Friday, 2. March, 2007 · &

To be Thought a Fool

A while back I wrote about «that mysterious, wild-eyed, quiet stranger» and how I wished I was such a someone.

Today I realized it might be a good thing that I’m not. What hell it must be to always stay in the corner, alone — fearing that if you were ever to partake in sociable conduct your cover would be blown. As soon as your mouth opened, you’d be exposed as the socially awkward, shy man you really are. Or as a complete buffoon, void of any of the clandestine elegance formerly exuded.

‘Tis better to remain silent and be thought a fool, than to open your mouth and remove all doubt, as they say.

In many ways I am a mysterious, quiet stranger (not wild-eyed, I think).

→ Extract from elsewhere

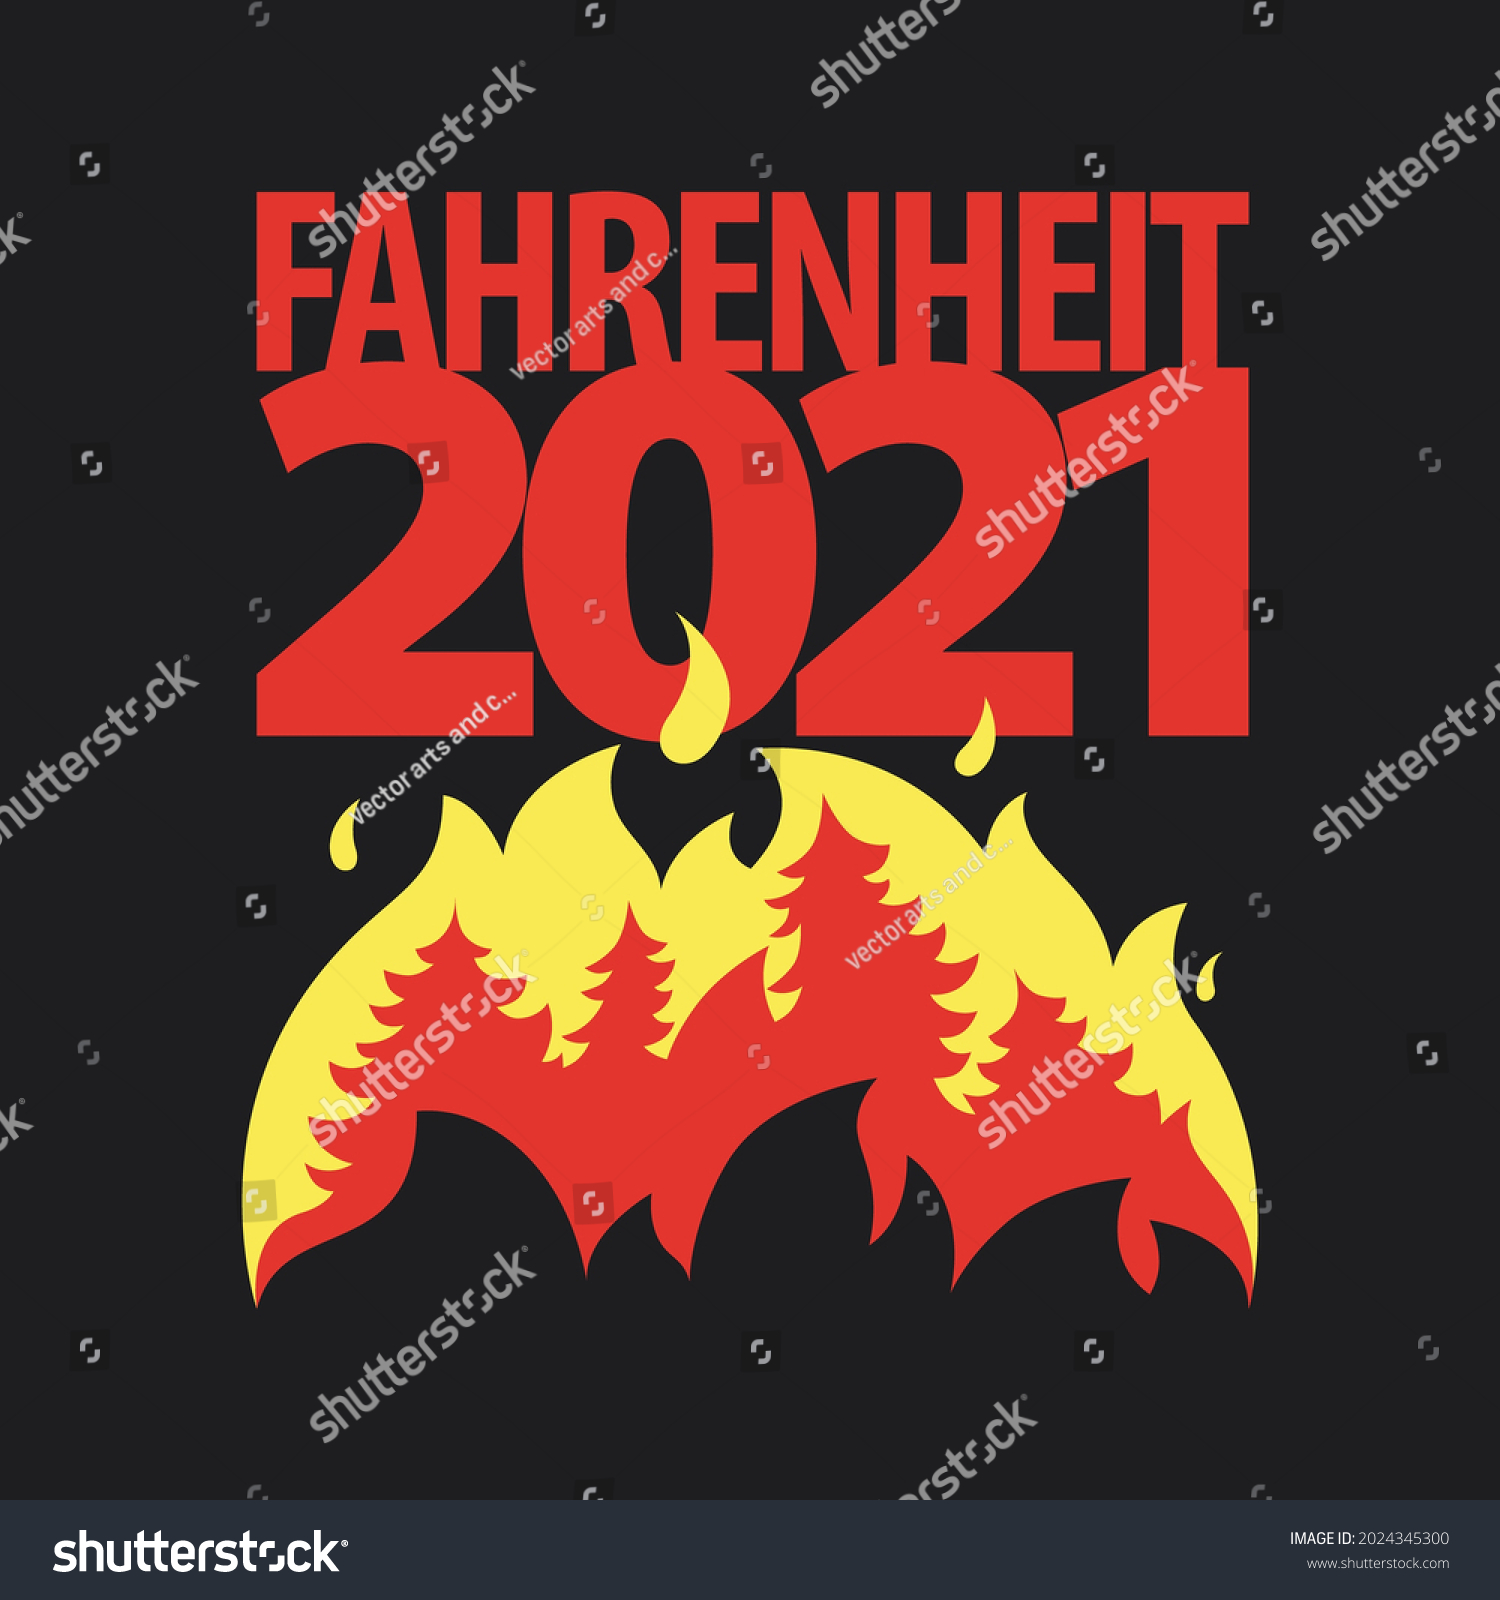 Fahrenheit 2021 Hot Summer Poster Design Royalty Free Stock Vector 2024345300

I never know if I should introduce myself when meeting friends of friends, and I always keep quiet and out of the way. The few times I do say something, it’s either commonplace or spoken so softly low that I might as well have kept it inside my head. It would probably have made more noise reverberating inside my skull anyway.

The usual reaction new people have when meeting me is «you’re so quiet» and/or «is something wrong?» Yes, I’m quiet. A lot of things are wrong, but I always look like this.

‘Tis better to remain silent and be thought a fool, et cetera.

Then again, maybe it’s better to be a proven fool who, at the very least, tries, than the suspect of a wordless crime deferred.